People with lived experience have often and historically been relegated to the sidelines when it comes to decisions that directly impact them. For too long, the system and the actors that operate within them have made decisions for us, overriding our preferences and undermining our right to have a say in matters that affect us. And yet, despite this systemic and institutional resistance towards including people with lived experience and lack of acknowledgement of lived experience as a valid and essential form of knowledge - holding its own weight in epistemological currency - people with lived experience have a long history and deep roots in challenging the status quo, disrupting the system, and making their voices heard.
This action group, then, aims to build from past movements of change.
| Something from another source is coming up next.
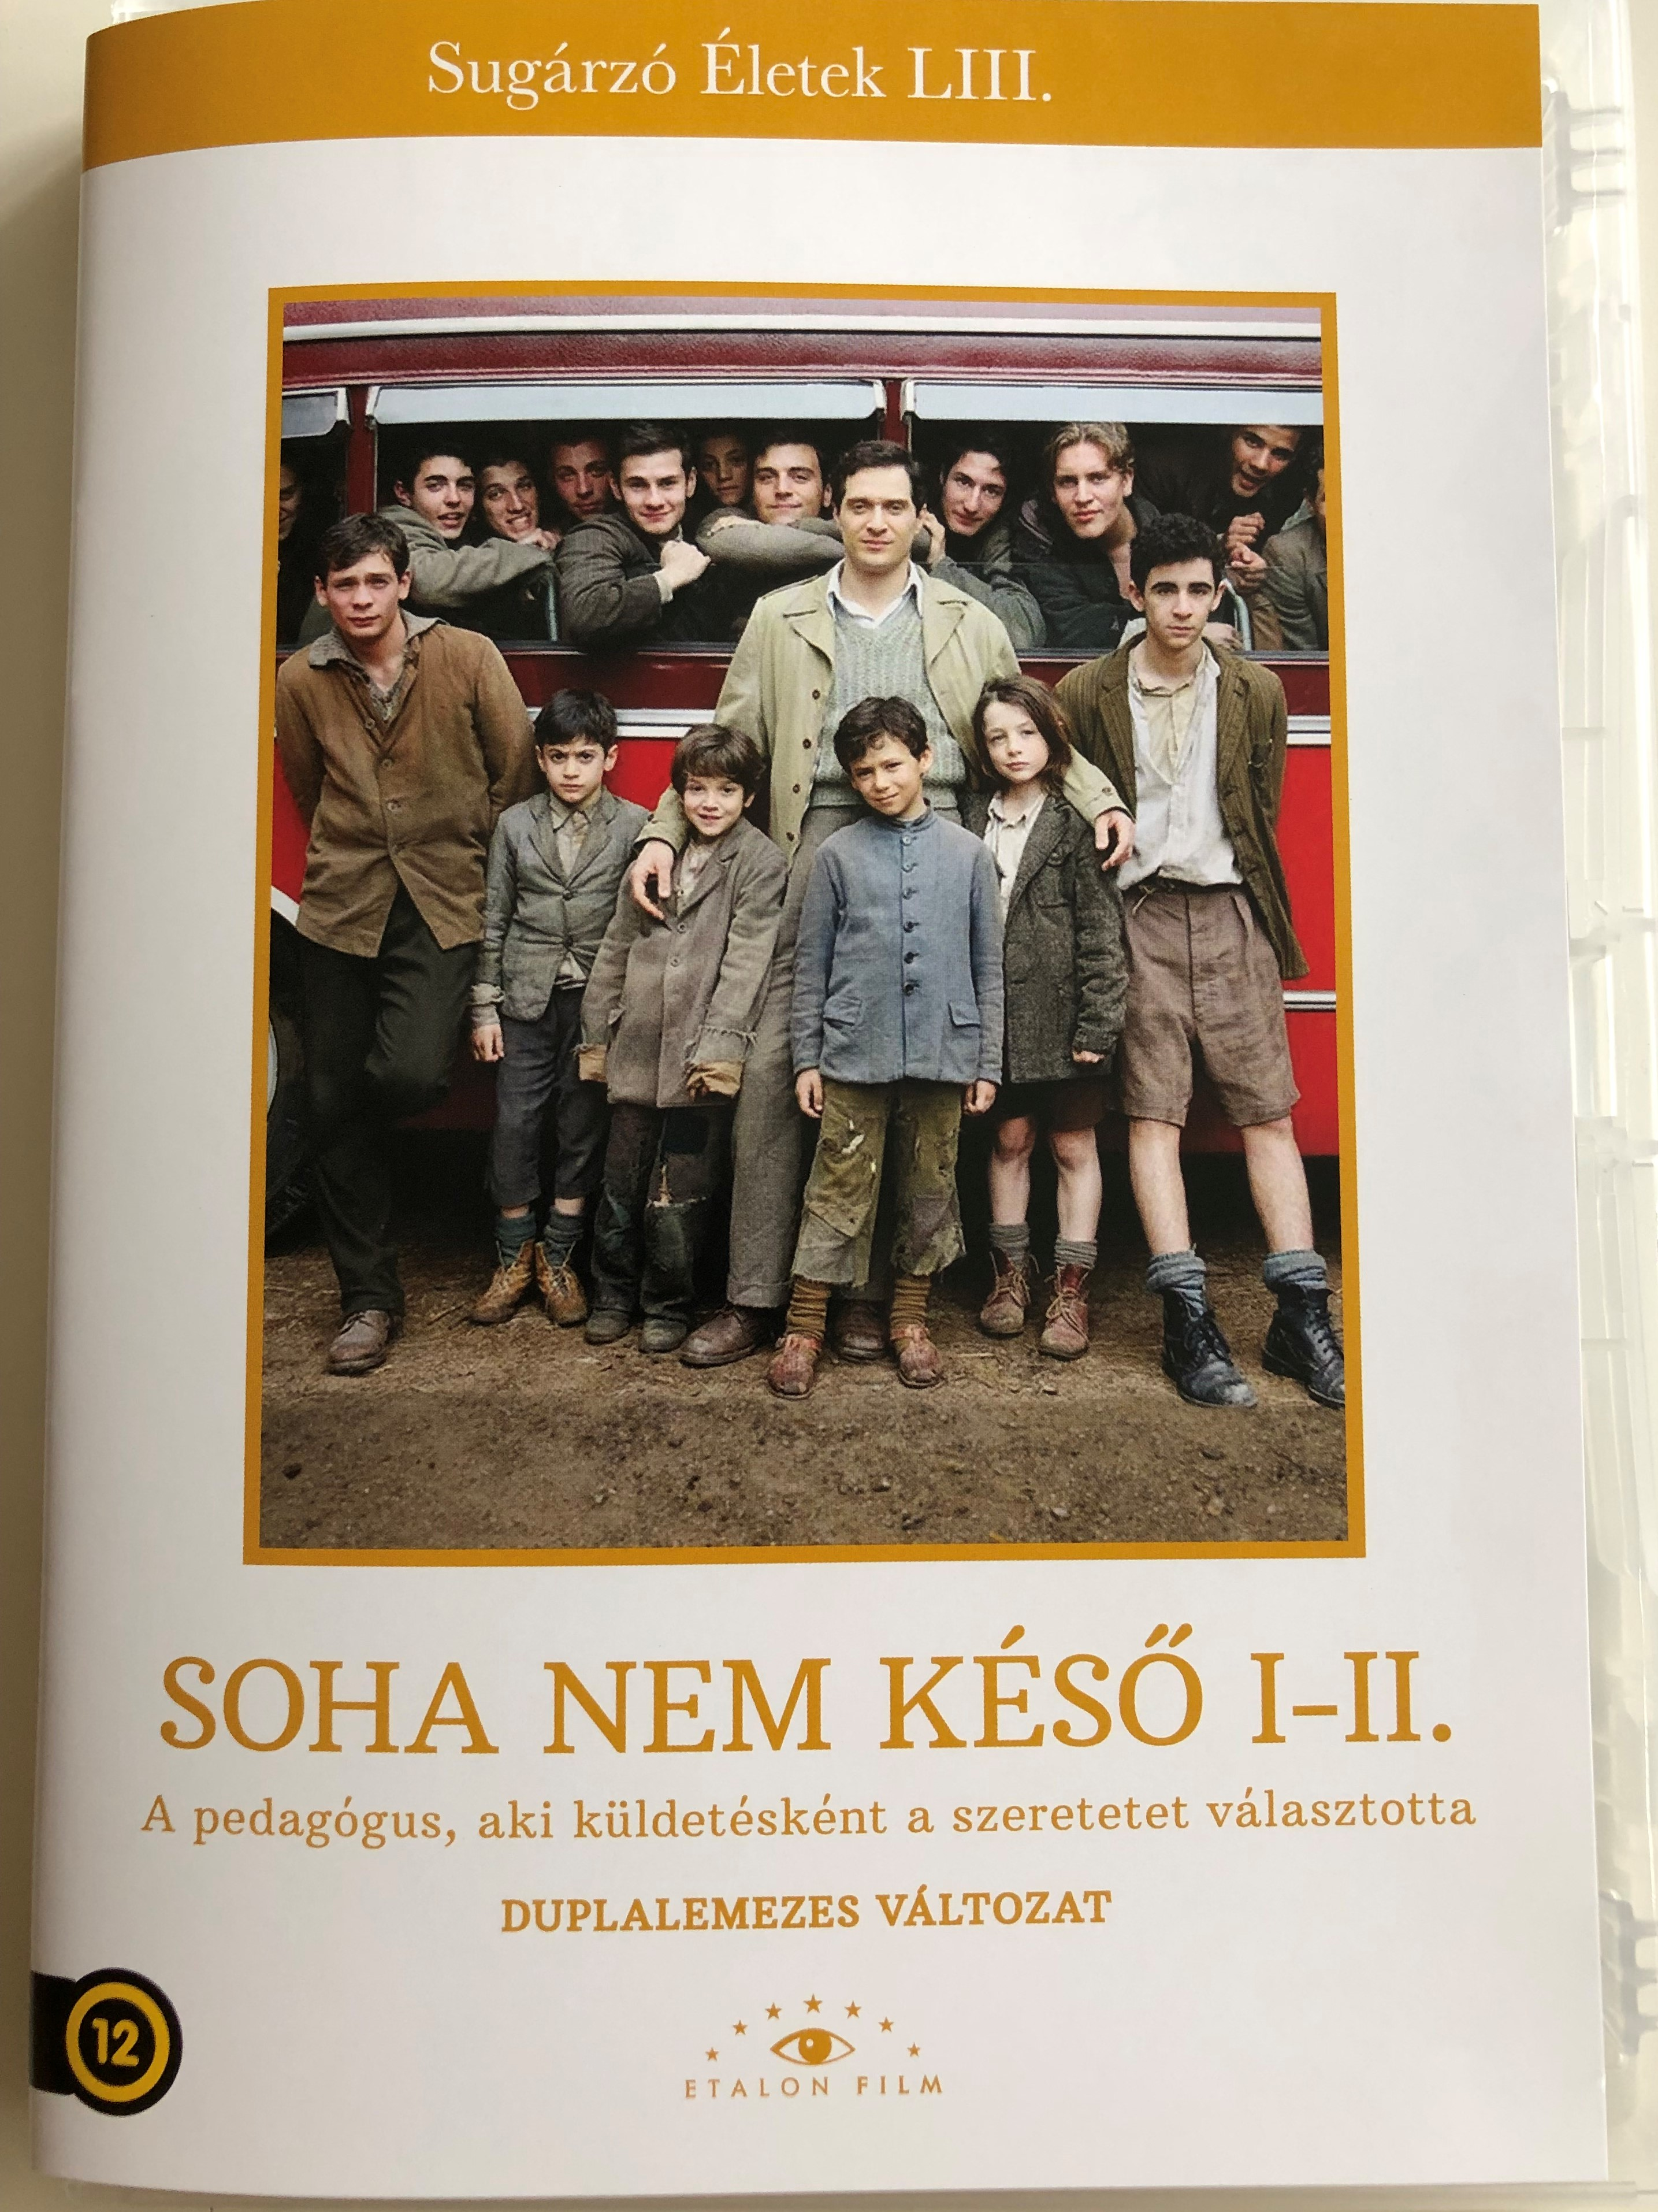 non-mai-troppo-tarti-i-ii.-dvd-2014-soha-nem-k-s-i-ii.-directed-by-giacomo-campiotti-starring-claudio-santamaria-nicole-grimaudo-gennaro-mirto-lucio-mscino-alberto-molinari-1-.jpg

From my vantage point, it feels as though we’re finally reaching an inflection point where we’re starting to see the shift towards realizing that as a collective field, we cannot begin to meaningfully transform the system without the deliberate inclusion of people who have personal and intimate experiences of navigating through them - not just as peripheral supporting characters, but as leaders, decision-makers, advocates, and experts in their own right - with a seat at the table and a voice that is heard.
The first meeting of the EEAG on December 10th was powerful. Members called in from their respective countries, including the UK, Pakistan, Sierra Leone, Denmark, Peru, and Indonesia, to name a few. They spoke about their desire to transform a system that currently perpetuates fear into a system that generates hope. They shared their stories, vignettes of their lived experiences that have brought them into this advocacy work in their local communities, through the Global Mental Health Action Network, and beyond. We also went around the room and shared one word that best encapsulates how we want to show up as a collective and as individuals, part of this EEAG moving forward. These words formed the basis of our shared values and what we want the spirit of our advocacy to embody, and are as follows:
community persistence empathy visibility
existence courage voice
resistance justice respect collaboration
defiance hope
There is an old adage that says, “we may have all come from different ships, but we’re in the same boat now.” It’s a phrase that comes to mind for me when I think about each of us in the EEAG. We have traversed our own separate journeys, often confronting impossible odds, and from the myriad of our lived experiences, upbringings, and cultures, have somehow found ourselves with a shared determination and commitment towards ending harmful, coercive practices and making mental health care more humane, compassionate, and centered around the principles of human rights, dignity, and respect.
We’re all in the same boat. So let’s keep rowing.